Stored data
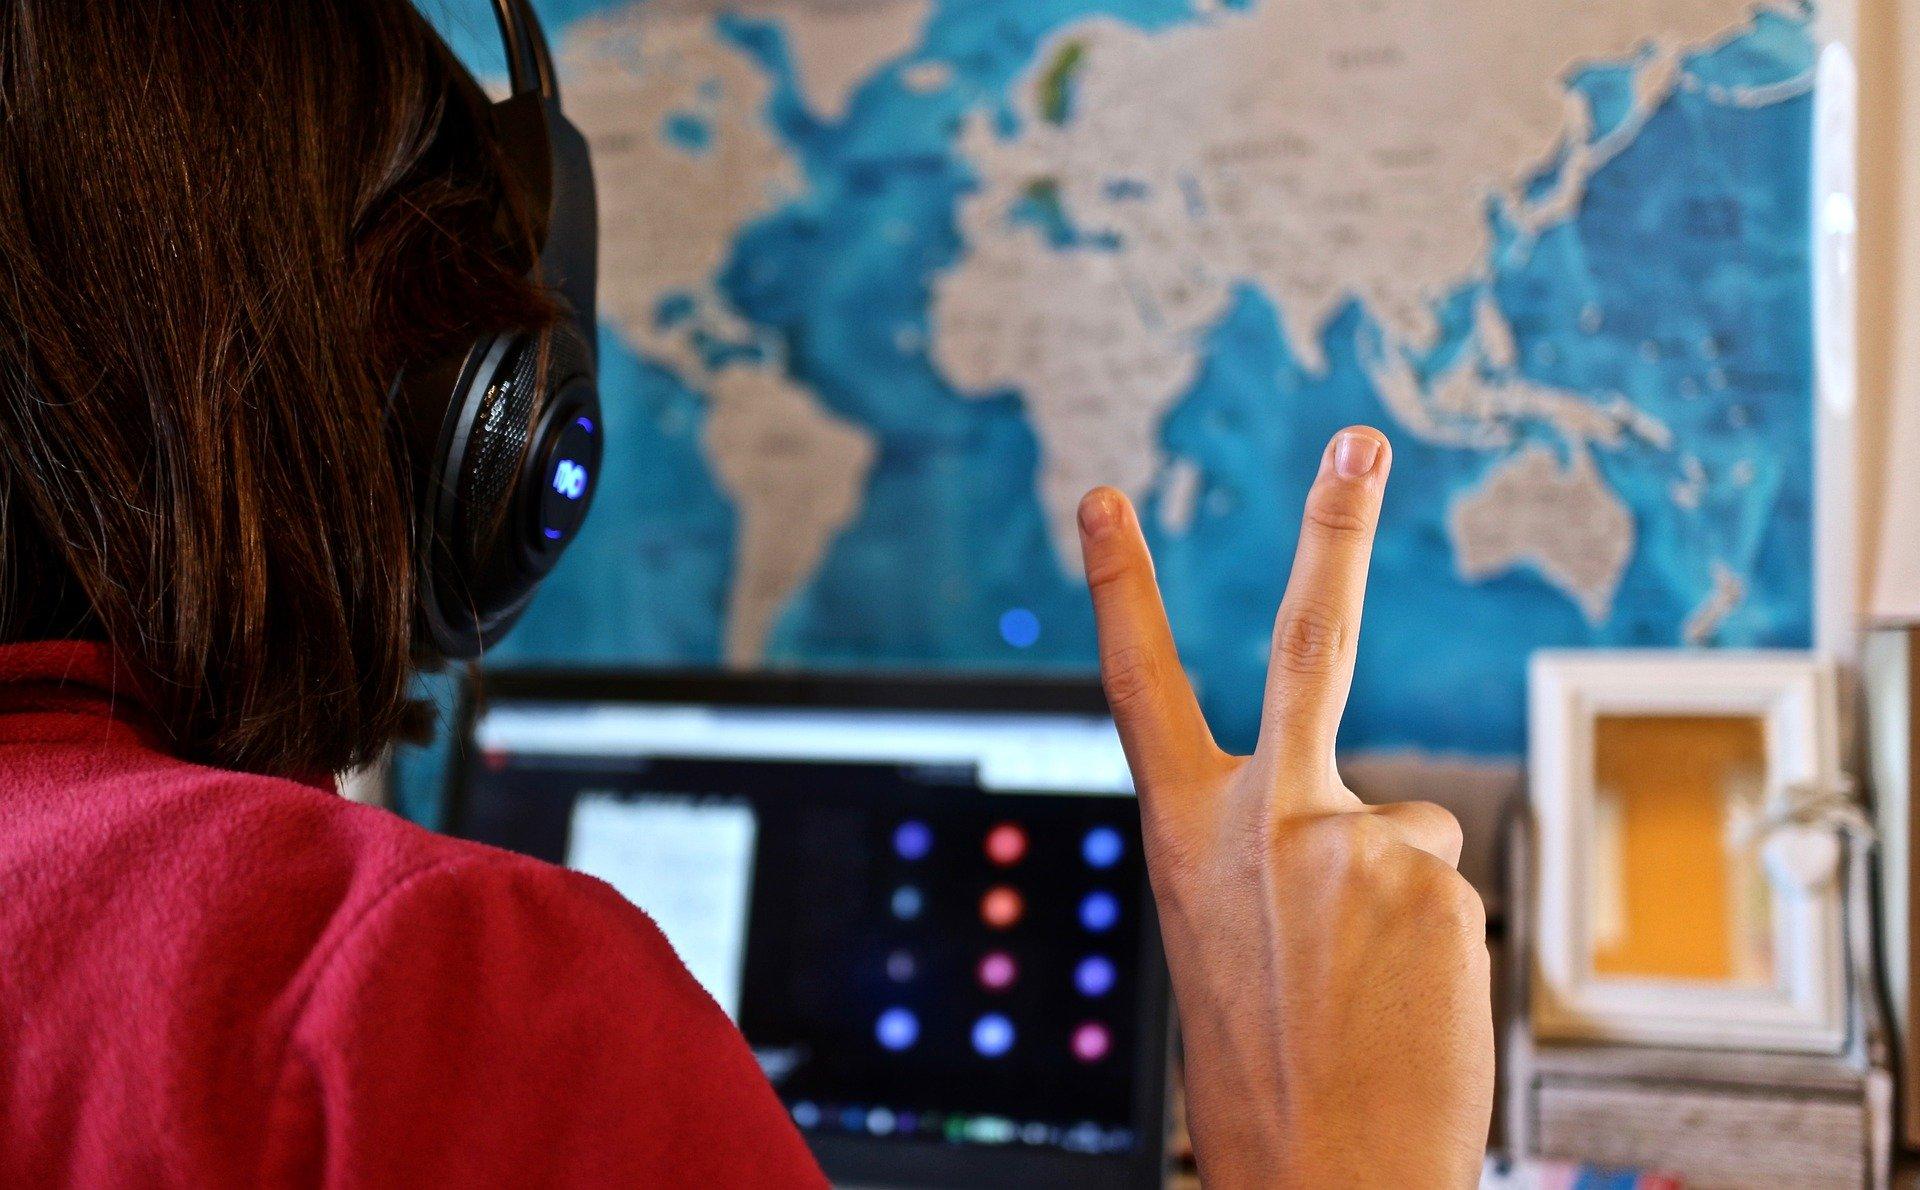 Pessoa estudando online com fone de ouvido e notebook.
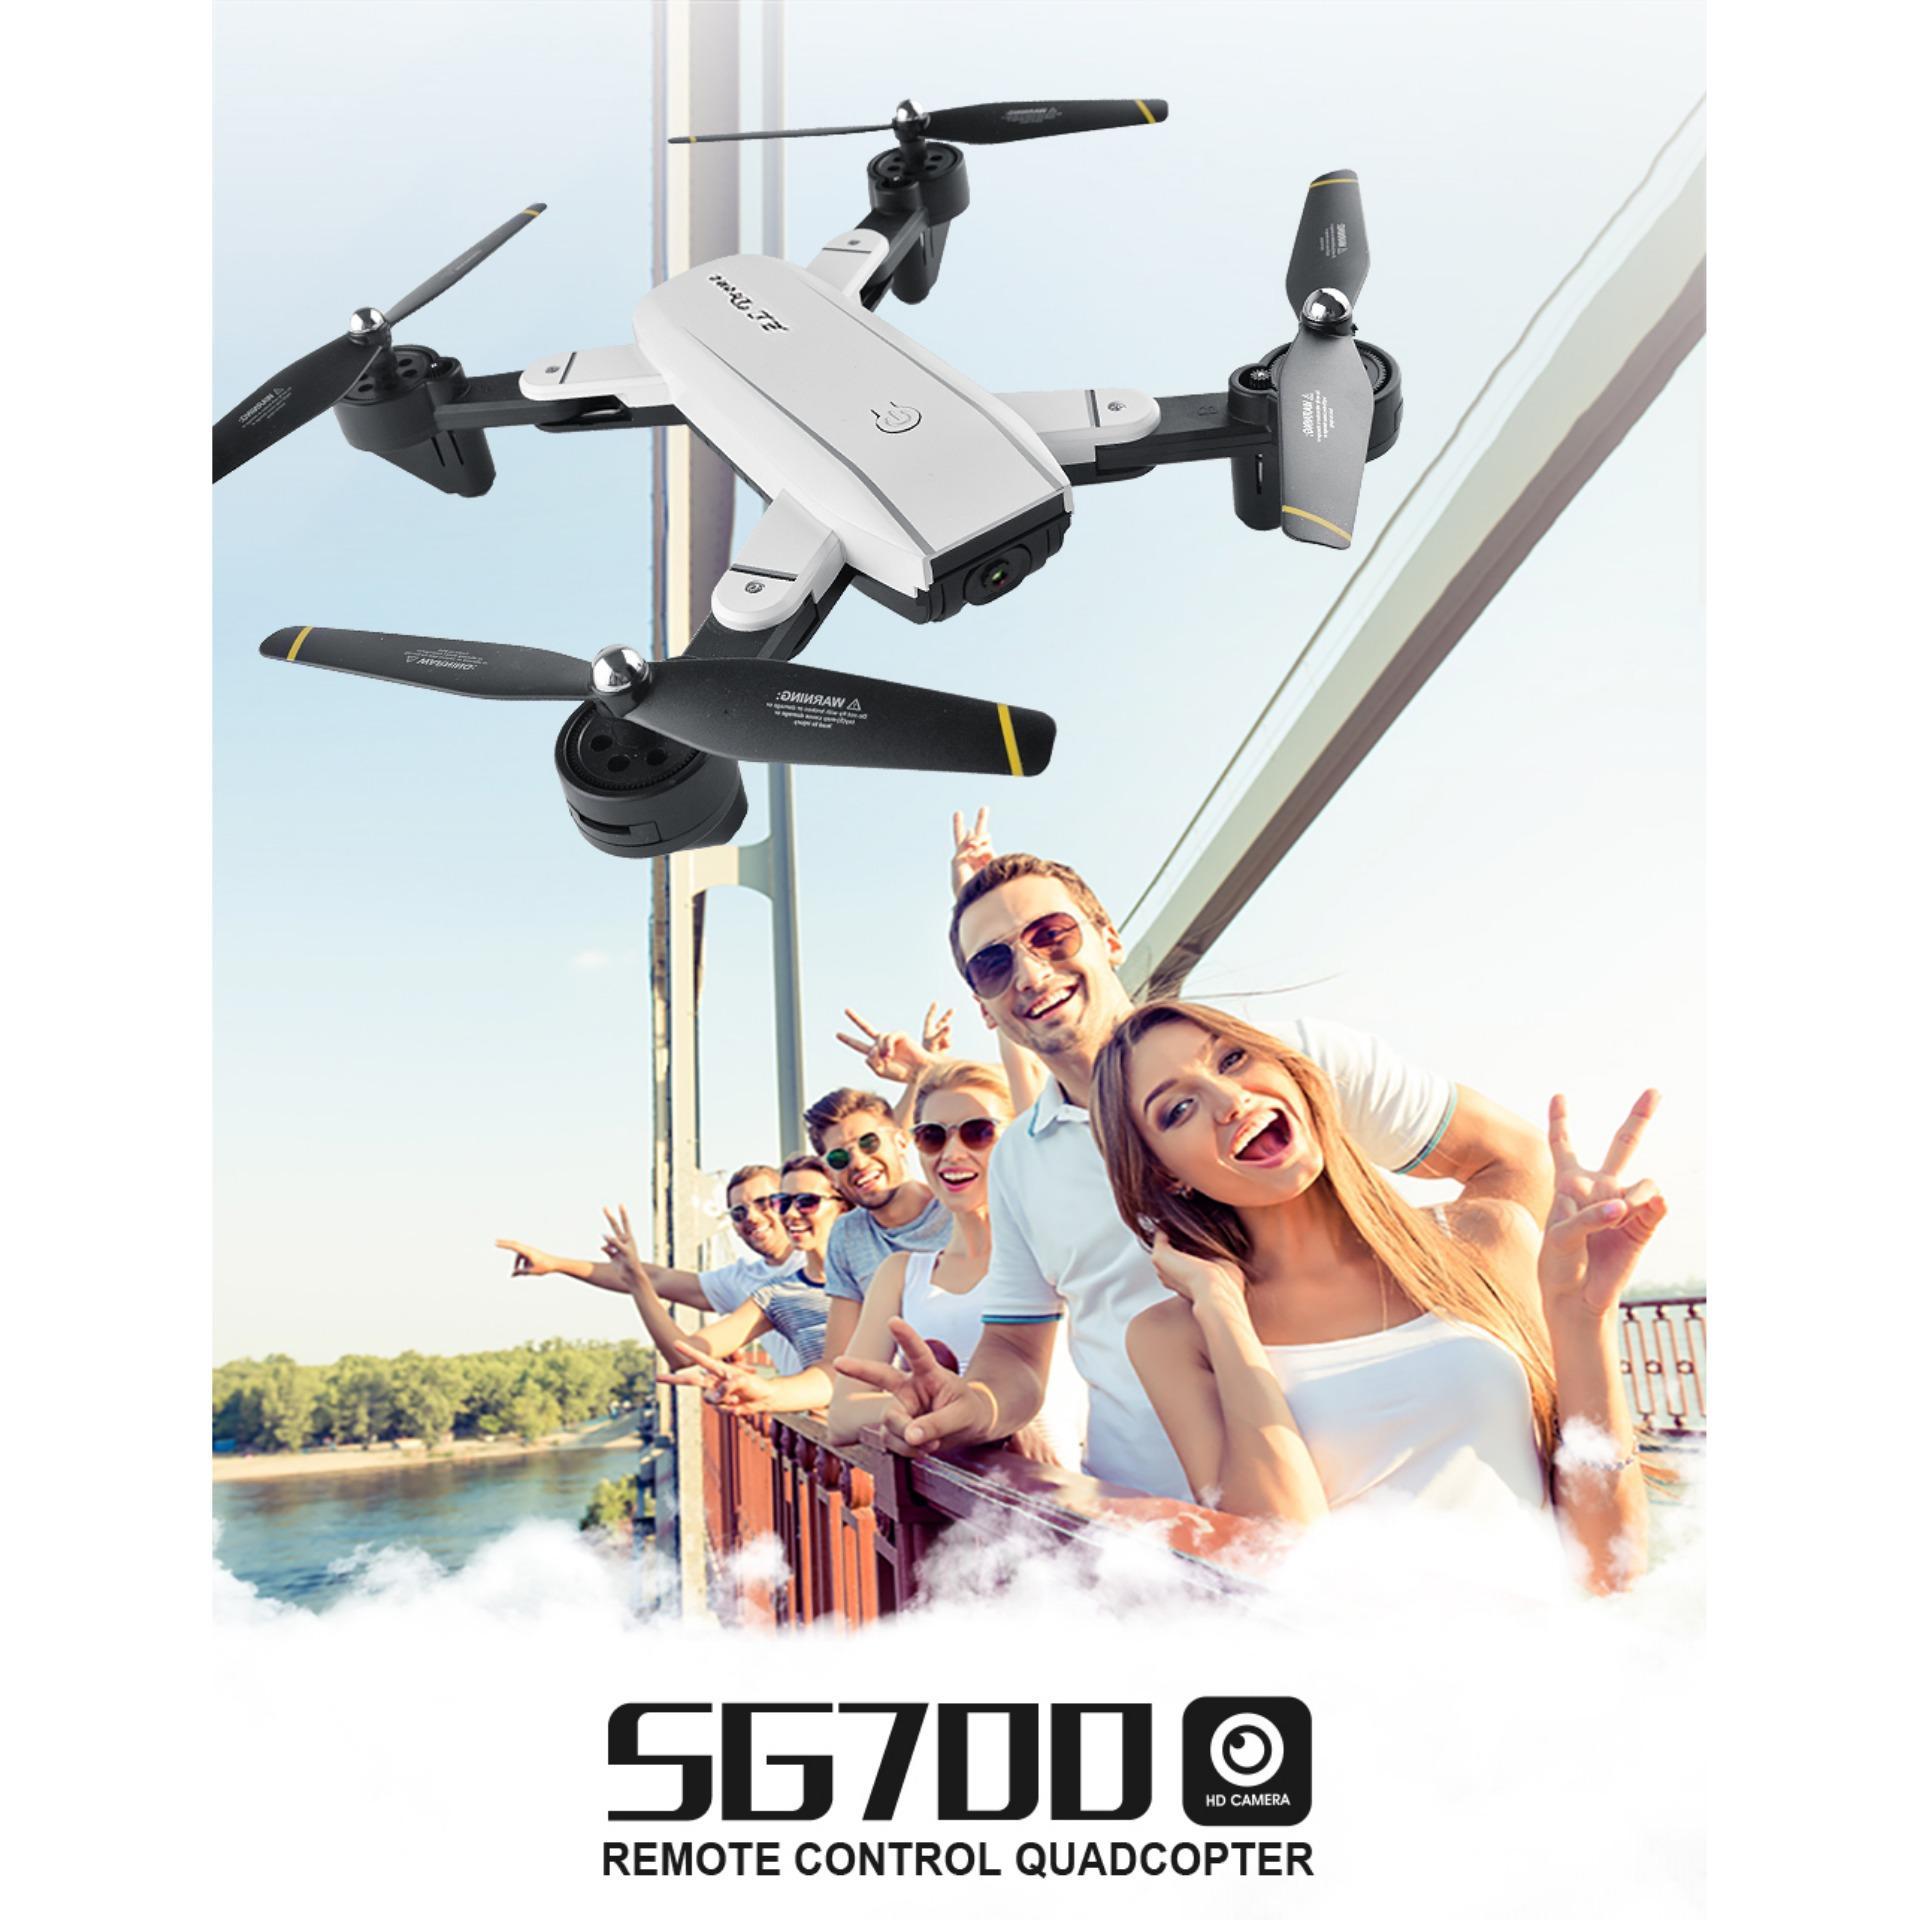 Lb SG700 2MP RC Pesawat Berkamera dengan Empat Baling-baling Wifi FPV Lipat Drone Selfie Ketinggian Terus Tanpa Kepala Kontrol Gestur Drone Vs E58 Spesifikasi: 30 W Kamera
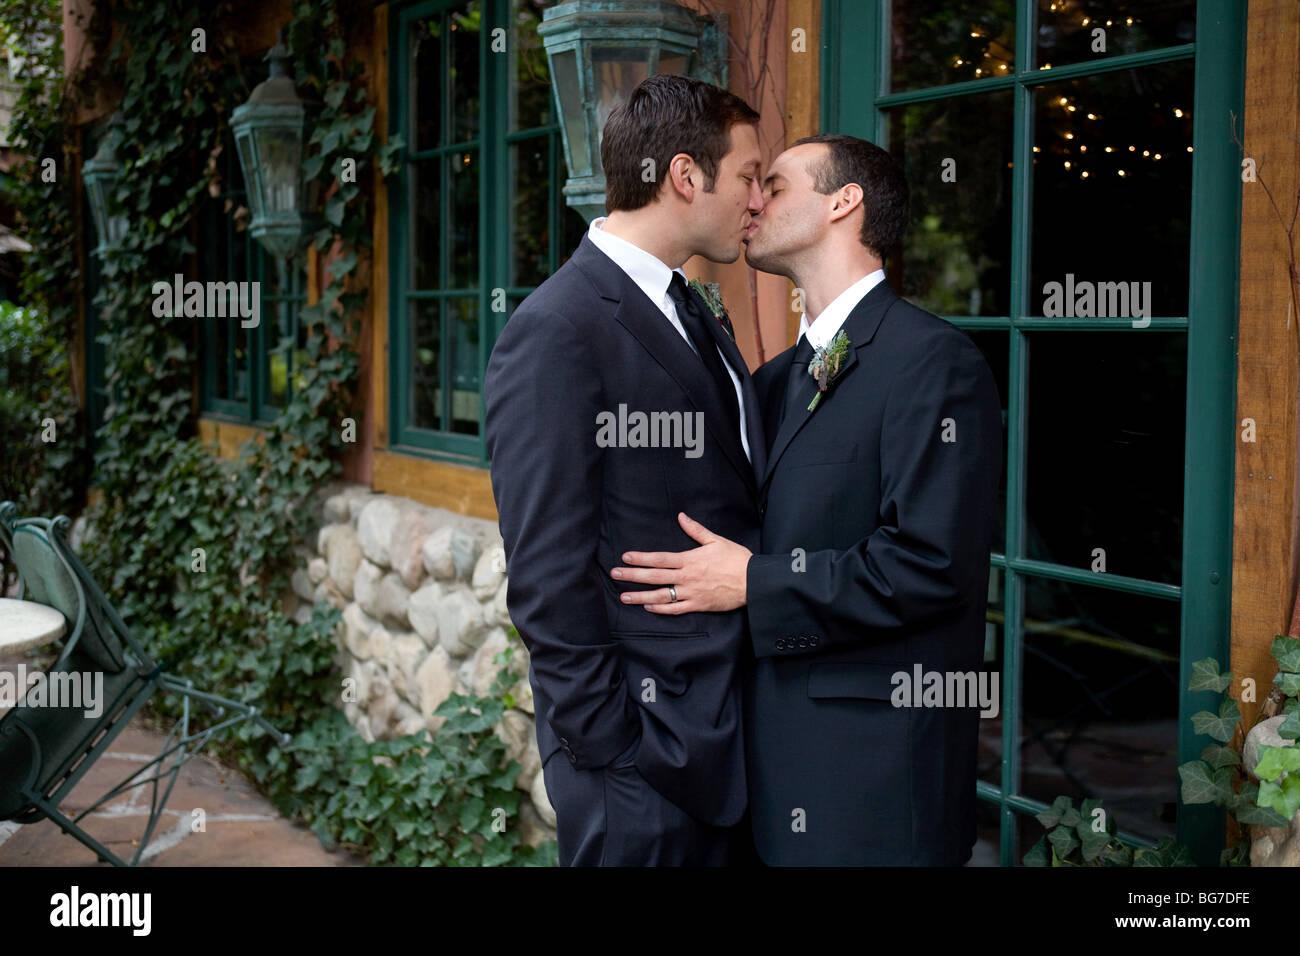 Zwei schwule Männer küssen und lächelnd nach ihrer Hochzeit ...

What the task requires
Return every line of the listing exactly, leaving its pictures behind.

Task answer
 Pessoa estudando online com fone de ouvido e notebook.
 Lb SG700 2MP RC Pesawat Berkamera dengan Empat Baling-baling Wifi FPV Lipat Drone Selfie Ketinggian Terus Tanpa Kepala Kontrol Gestur Drone Vs E58 Spesifikasi: 30 W Kamera
 Zwei schwule Männer küssen und lächelnd nach ihrer Hochzeit ...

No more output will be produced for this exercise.